Considering the duo’s Eurasian connections and the truly international ensemble poppin’ behind them – saxophonist Shawn Letts (from Oklahoma, now in Singapore), guitarist Eugene Pao (Hong Kong native), drummer Shawn Kelley (Syracuse native, living in Southeast Asia), vocalist Miz Dee Logwood (Berkeley CA) - it makes perfect thematic sense that the first Monteiro composed jam on the set is the buoyant, tightly funked out “Olympia,” which he penned years ago while watching the L.A. Olympics on TV, imagining he had been asked to compose a theme.

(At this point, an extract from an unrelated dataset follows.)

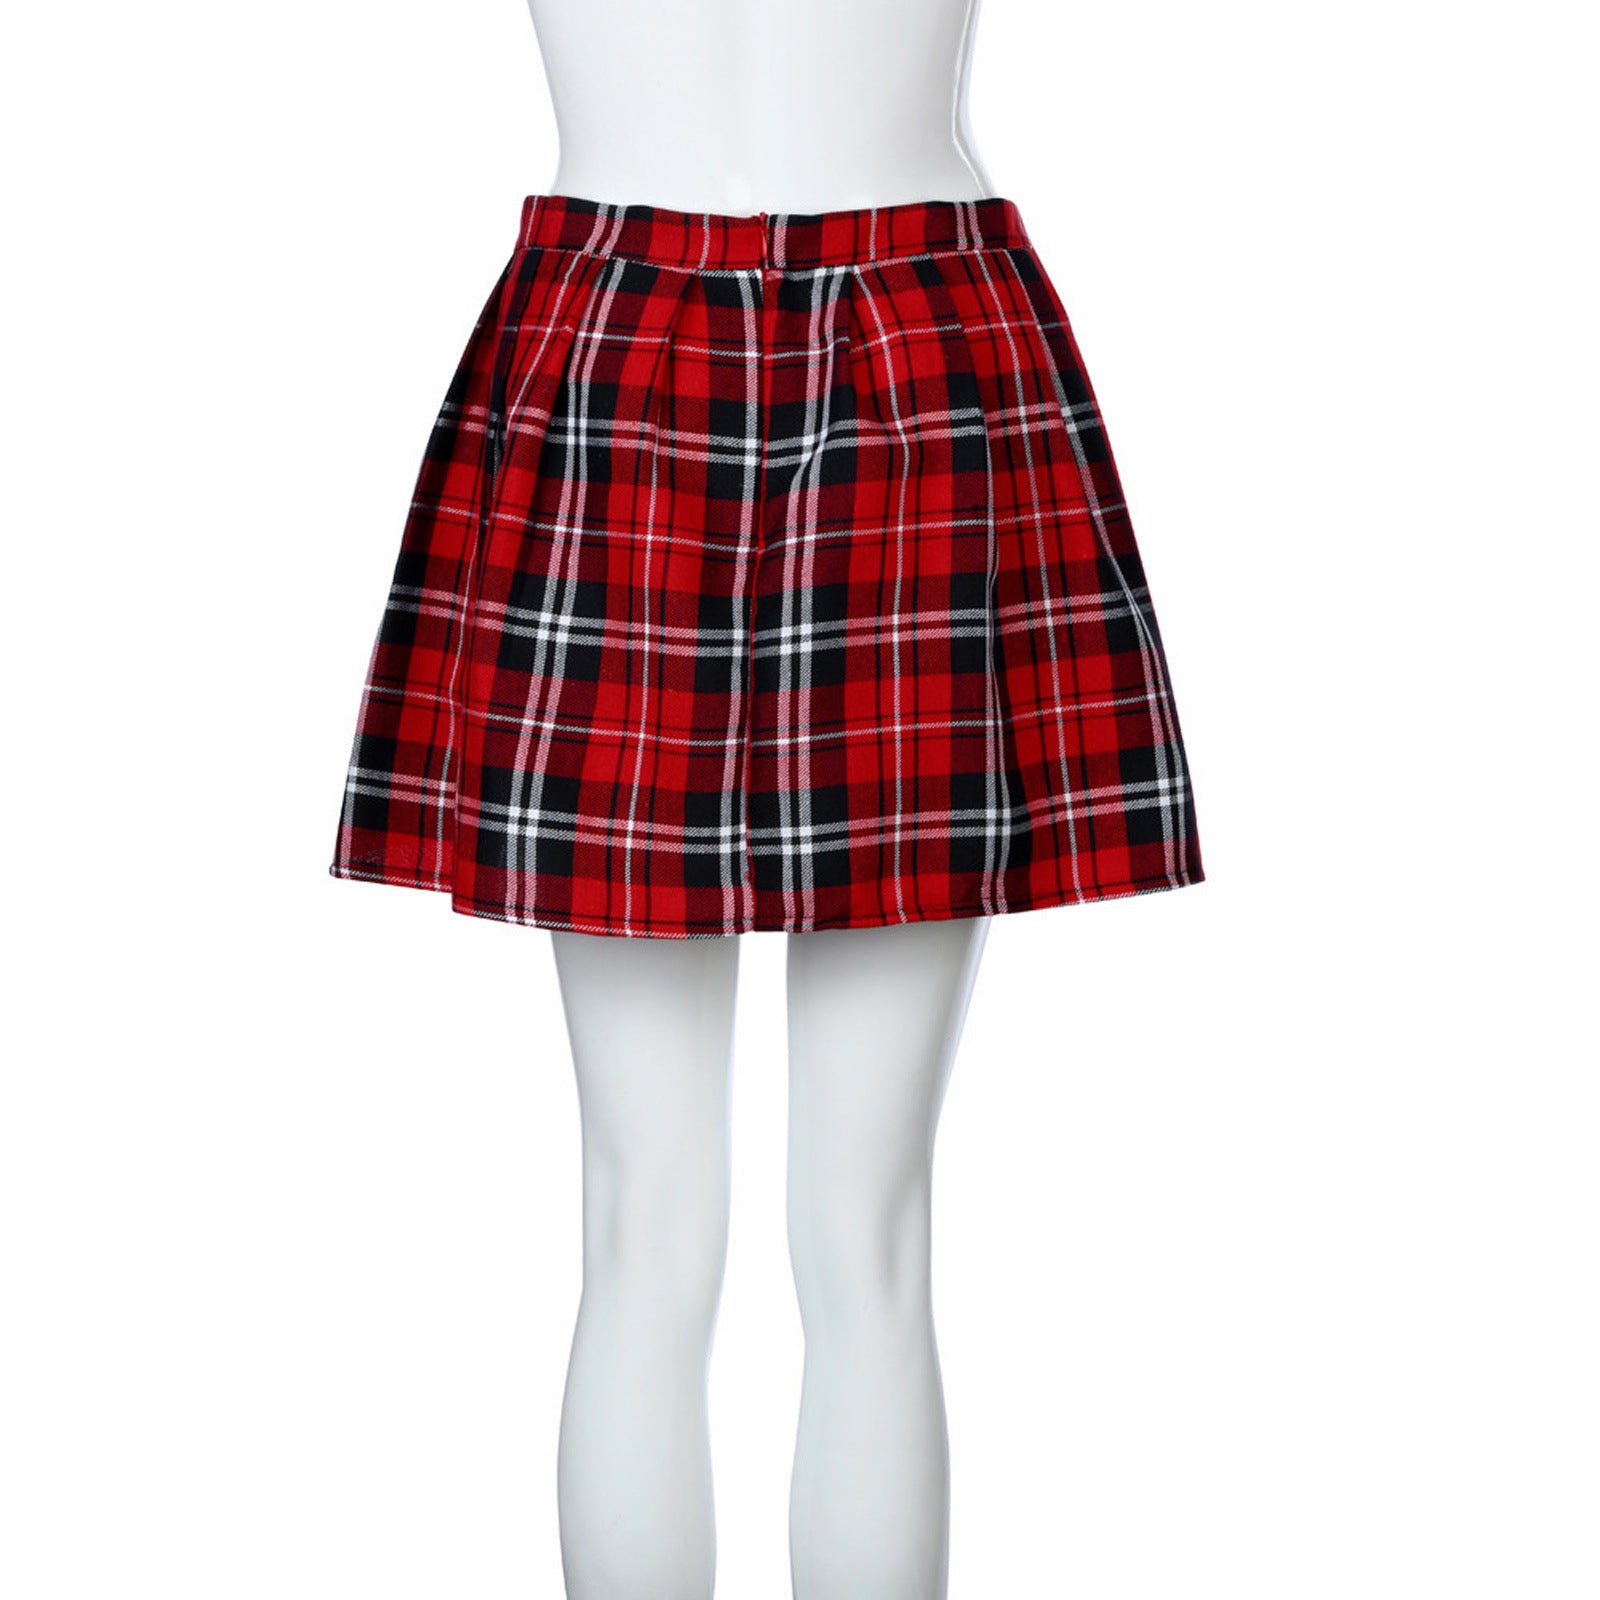 Fashionable Women's Plaid Skirt with Medium Waist

The mood swings are wild, as Monteiro and Marsico commandeer the adventure from the fanciful, hipster blues-swing of “Opening Act” through the infectious, punchy strut up “Mount Olive” and the breakneck paced boppish fire of “Catastrophy” (a showcase for everyone’s otherworldly improvisational magic) and the slower simmer of Logwood’s live twist on the Etta James classic “I’d Rather Go Blind” and “Lou,” a smoky and romantic ballad inspired by one of Marsico’s great influences, Lou Rawls. The collection’s other tribute, “Jack-Pot” (referencing B-3 legend Jack McDuff) is mostly all casual cool with a lighter sense of swing, but along the way features more intense piano chords and booming drums as if to emphasize the impact McDuff has on any project by the current generation featuring the classic instrument.

The set wraps powerfully with “Wishy Washy,” an action packed boogaloo styled romp that’s been part of Marsico’s live set for years – and which was recorded (very!) remotely during the pandemic with Monteiro in his home studio in Singapore, Letts in an adjoining studio, Kelley in Thailand, Paul in Hong Kong and Marsico in Italy.